Apheresis techniques that reduce circulating pathologic cells, rather than solute, include plateletpheresis (also known as thrombocytapheresis), leukapheresis, and erythrocytapheresis, which remove platelets, white blood cells, and red cells, respectively. Red cell exchange refers to the combination of erythrocyte removal, either by automated erythrocytapheresis or by manual phlebotomy, followed by infusion of donor red blood cells (which may be part of the return fluid during apheresis). Centrifugation instruments use specific kits that are designed to efficiently separate and remove the desired cell types, based on their relative specific gravities and separation properties (see Table 29.1 ).

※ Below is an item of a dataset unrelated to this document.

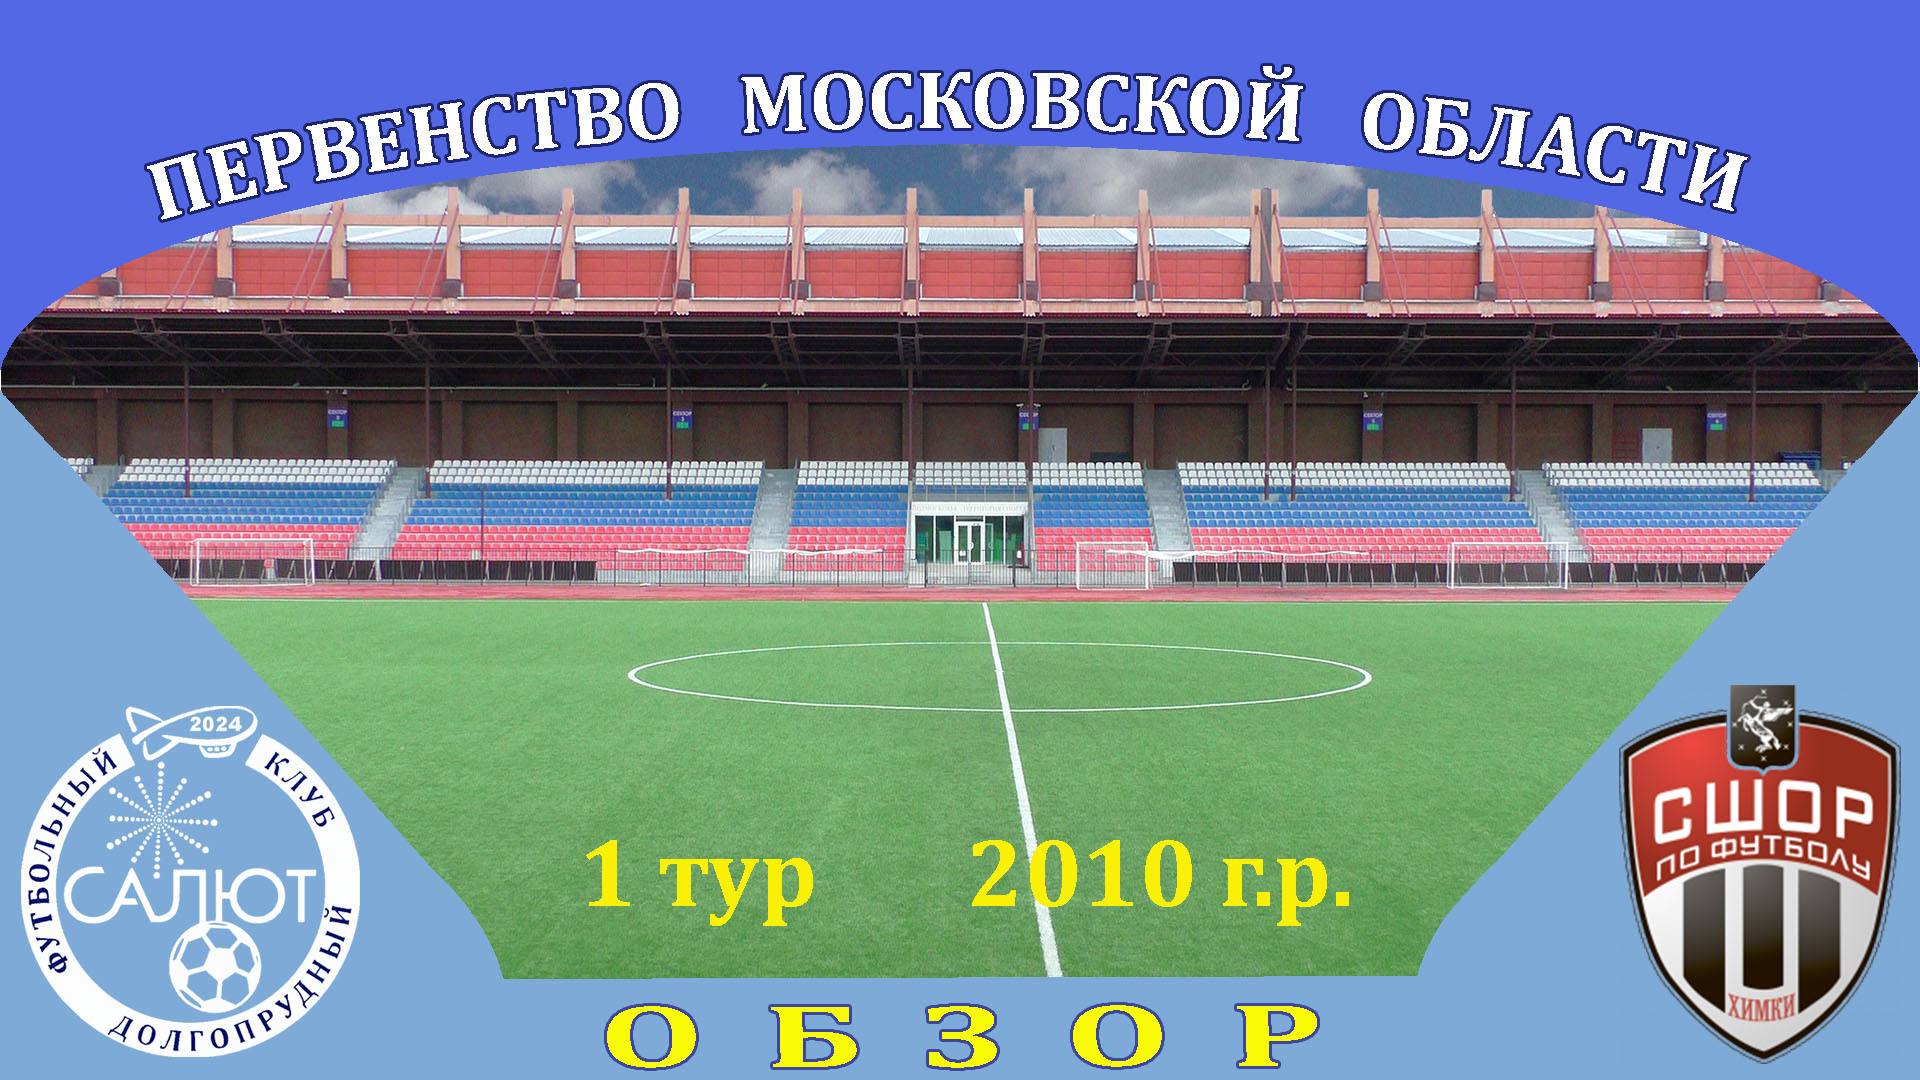 Обзор игры  ФСК Салют 2010  2-1  СШОР Сходня

The therapeutic goals and end points for any apheresis procedure should be considered before commencing a course of treatment. For example, the end points for TPE of patients with idiopathic TTP usually include normalization of platelet count and significant decrease in lactate dehydrogenase (LDH). For paraprotein-associated coagulation factor inhibitors, the therapeutic end point may be a decrease or resolution of clinical bleeding. For many clinical indications, apheresis is an adjunctive therapy combined with several other interventions, such as corticosteroids, chemotherapy, and/or immunosuppressive agents. In these cases the determination of clinical response specifically attributable to the apheresis component may be difficult. In some instances, therapeutic apheresis serves as a bridge until definitive medical therapy can take effect. In other cases a specified number of apheresis procedures is established when the patient begins therapy, often because the pathologic solute cannot be directly identified, quantified, and/or prospectively monitored.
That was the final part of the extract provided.